◆ **What to do**
In your reply, repeat every entry exactly and skip over each picture.
Top of Exercise data
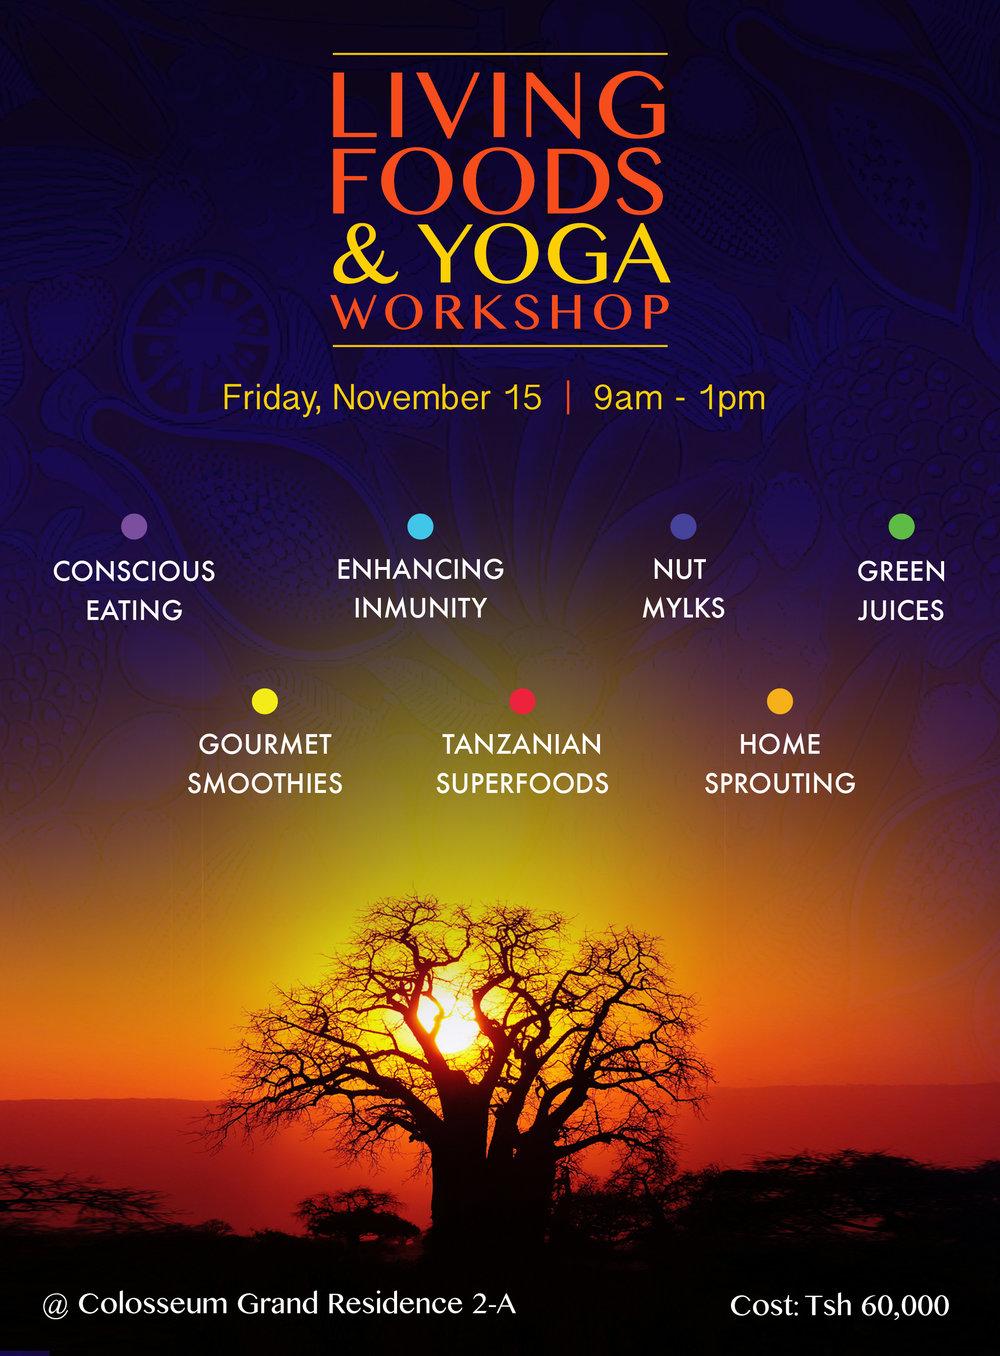 LivingFoods.Yoga.jpg
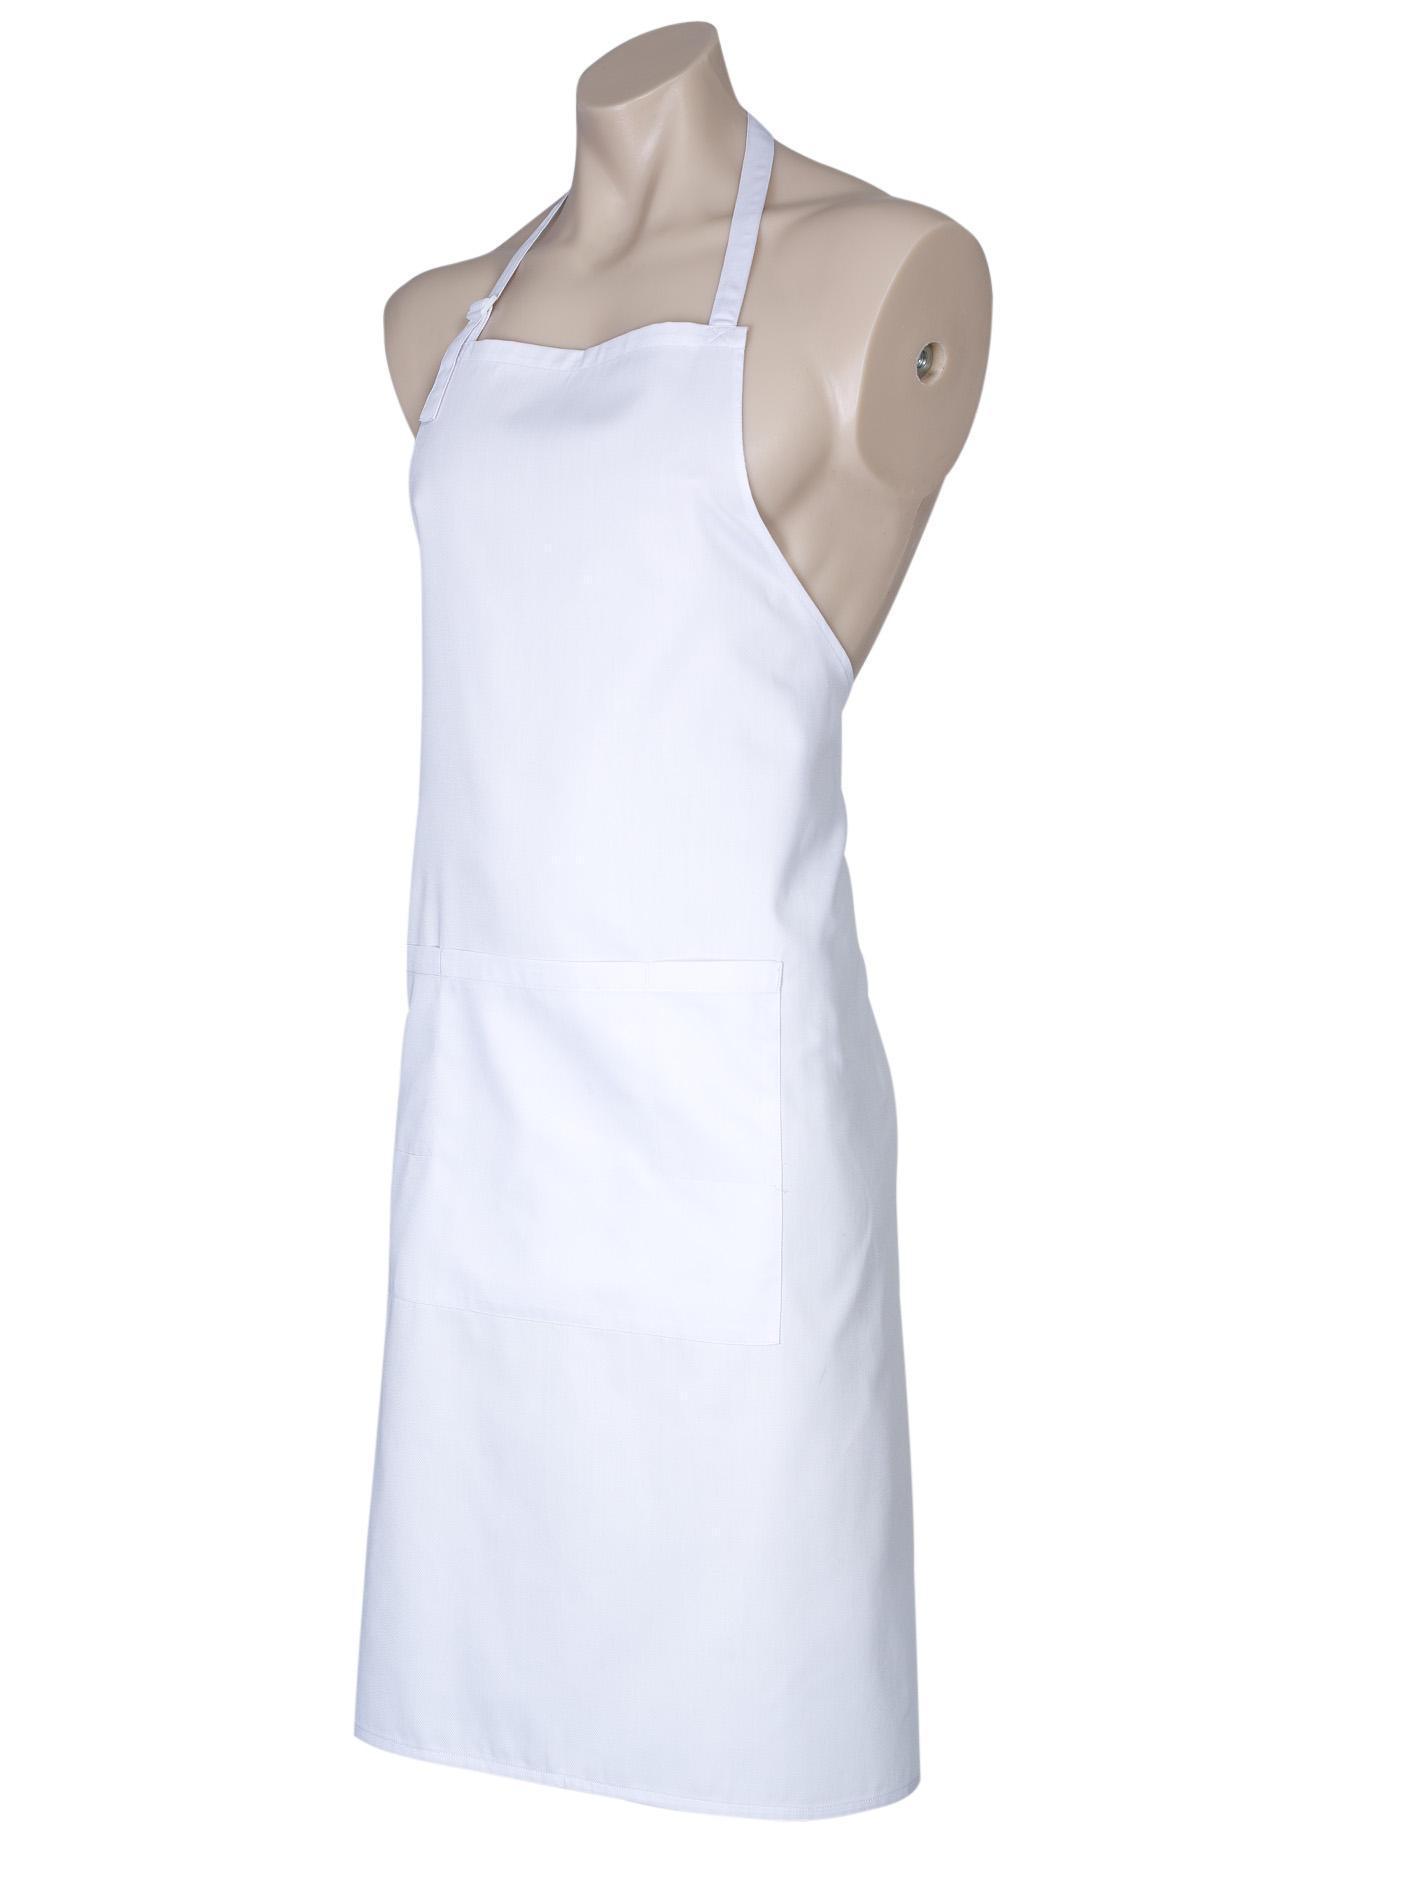 Buy white apron nz - White
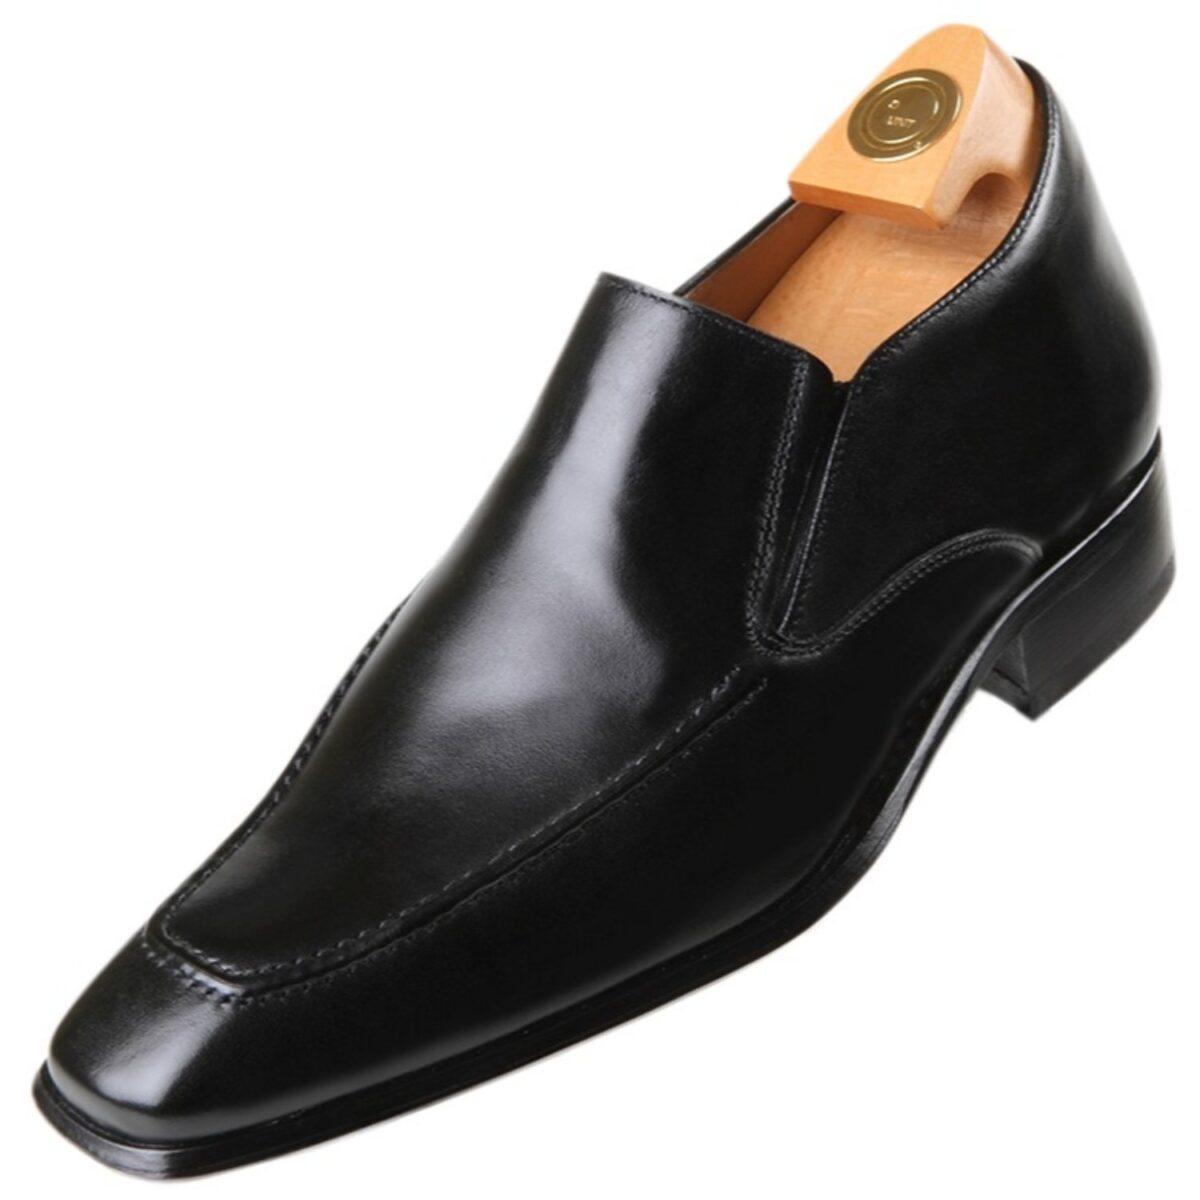 Zapatos con Alzas modelo 8421 Nc - HiPlus
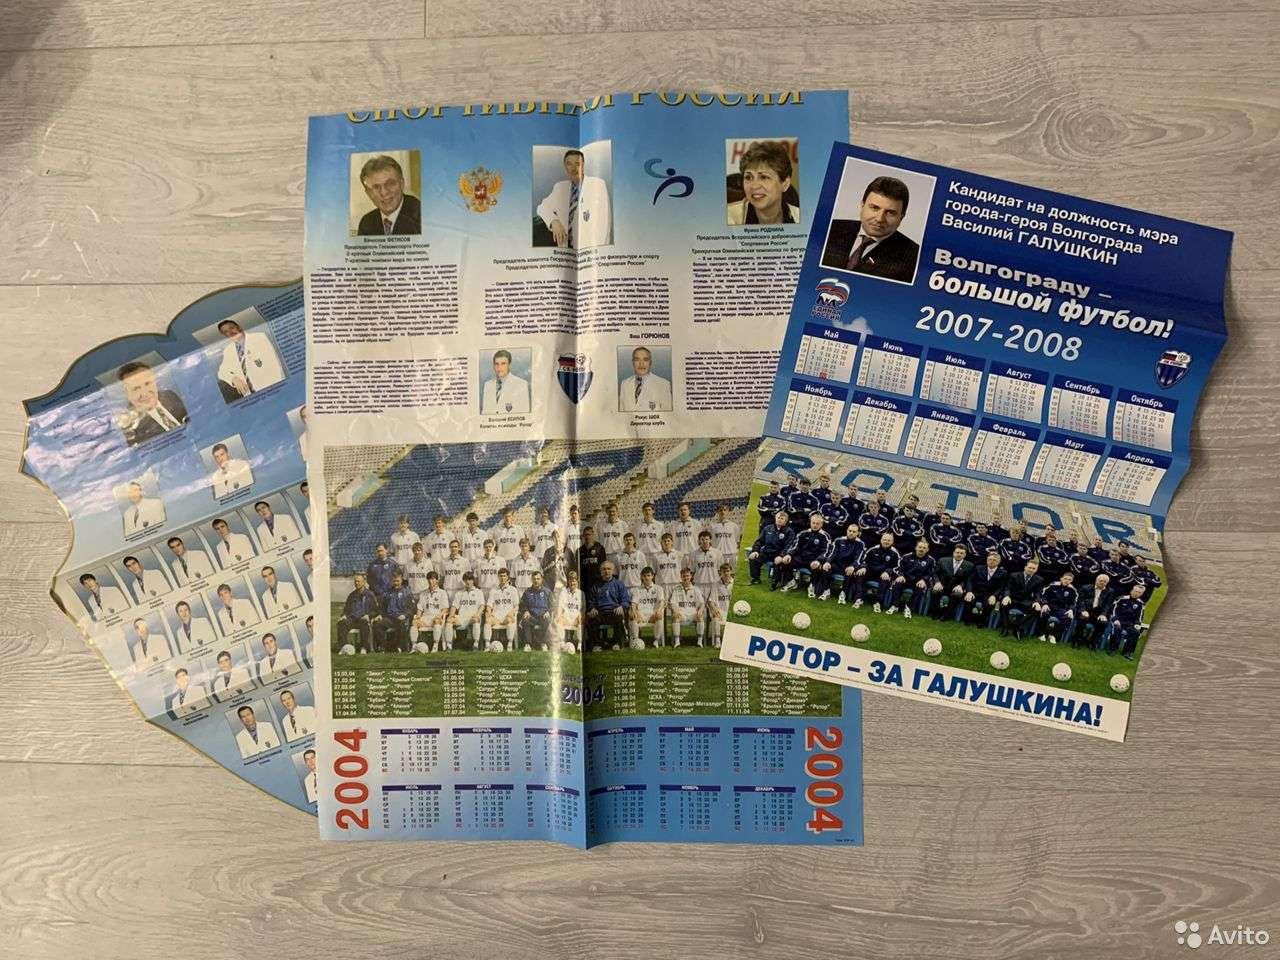 Календари Ротора.jpg
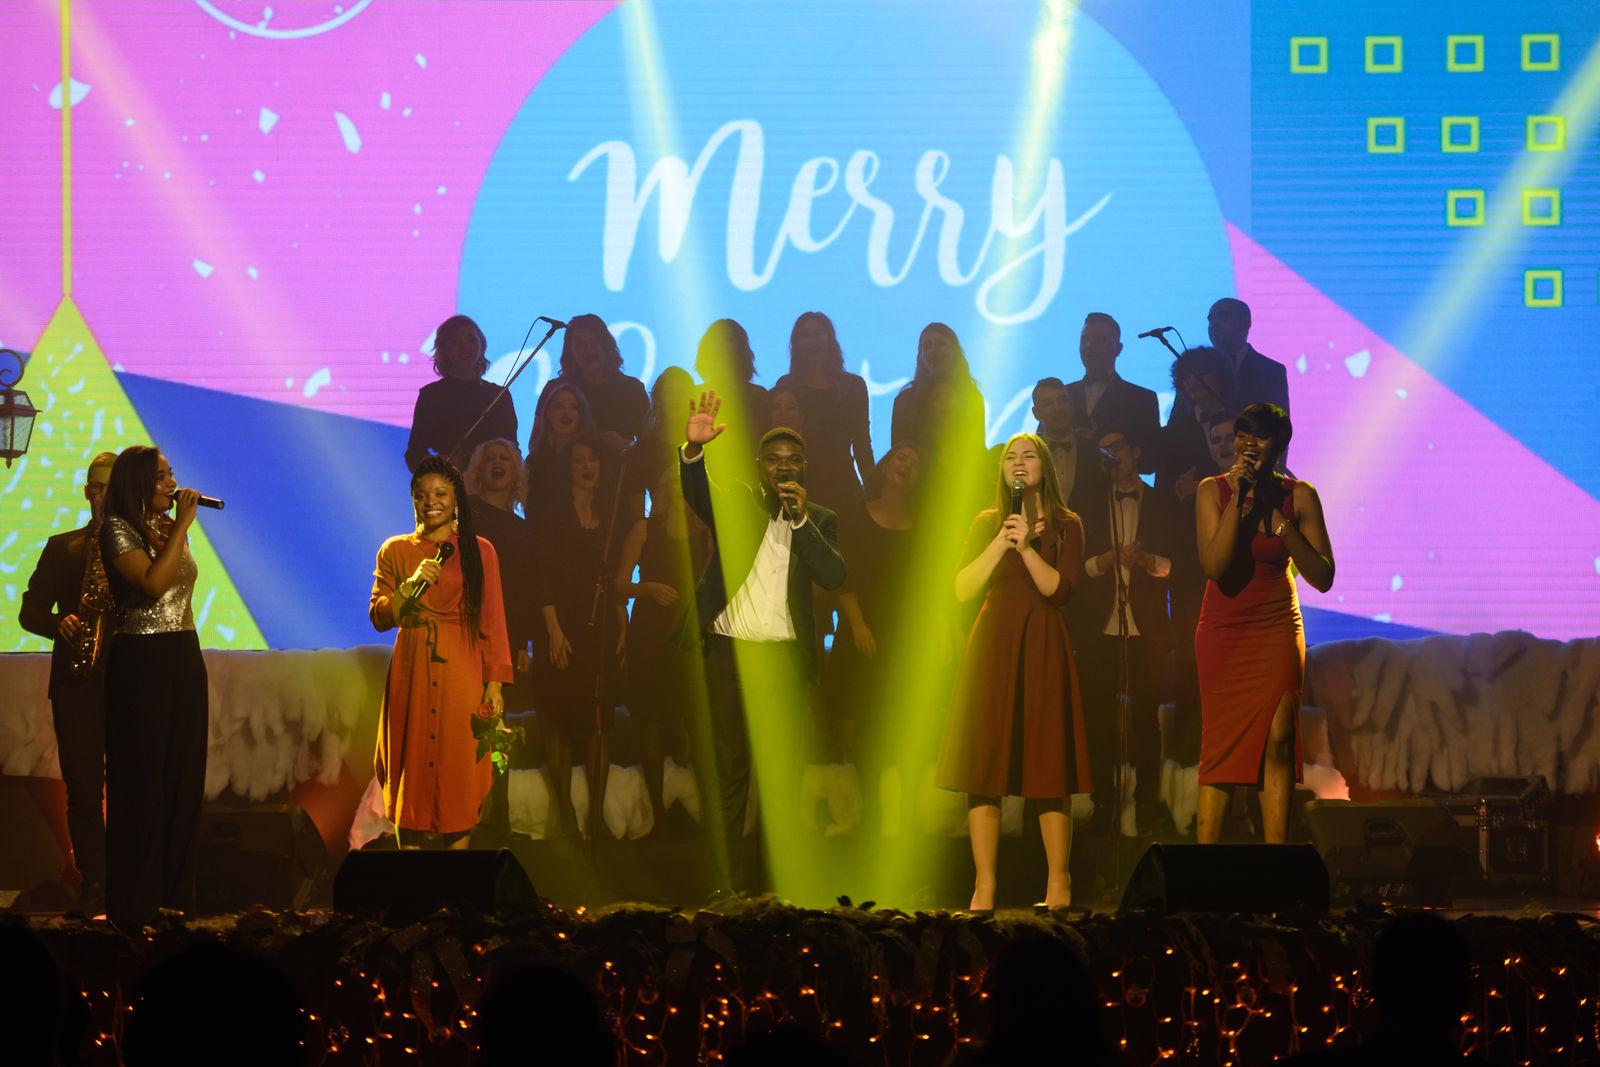 Різдвяне містечко на малинській – свято для всієї родини
Bottom of Exercise data
◆ **Result of this exercise**
 LivingFoods.Yoga.jpg
 Buy white apron nz - White
 Zapatos con Alzas modelo 8421 Nc - HiPlus
 Календари Ротора.jpg
 Різдвяне містечко на малинській – свято для всієї родини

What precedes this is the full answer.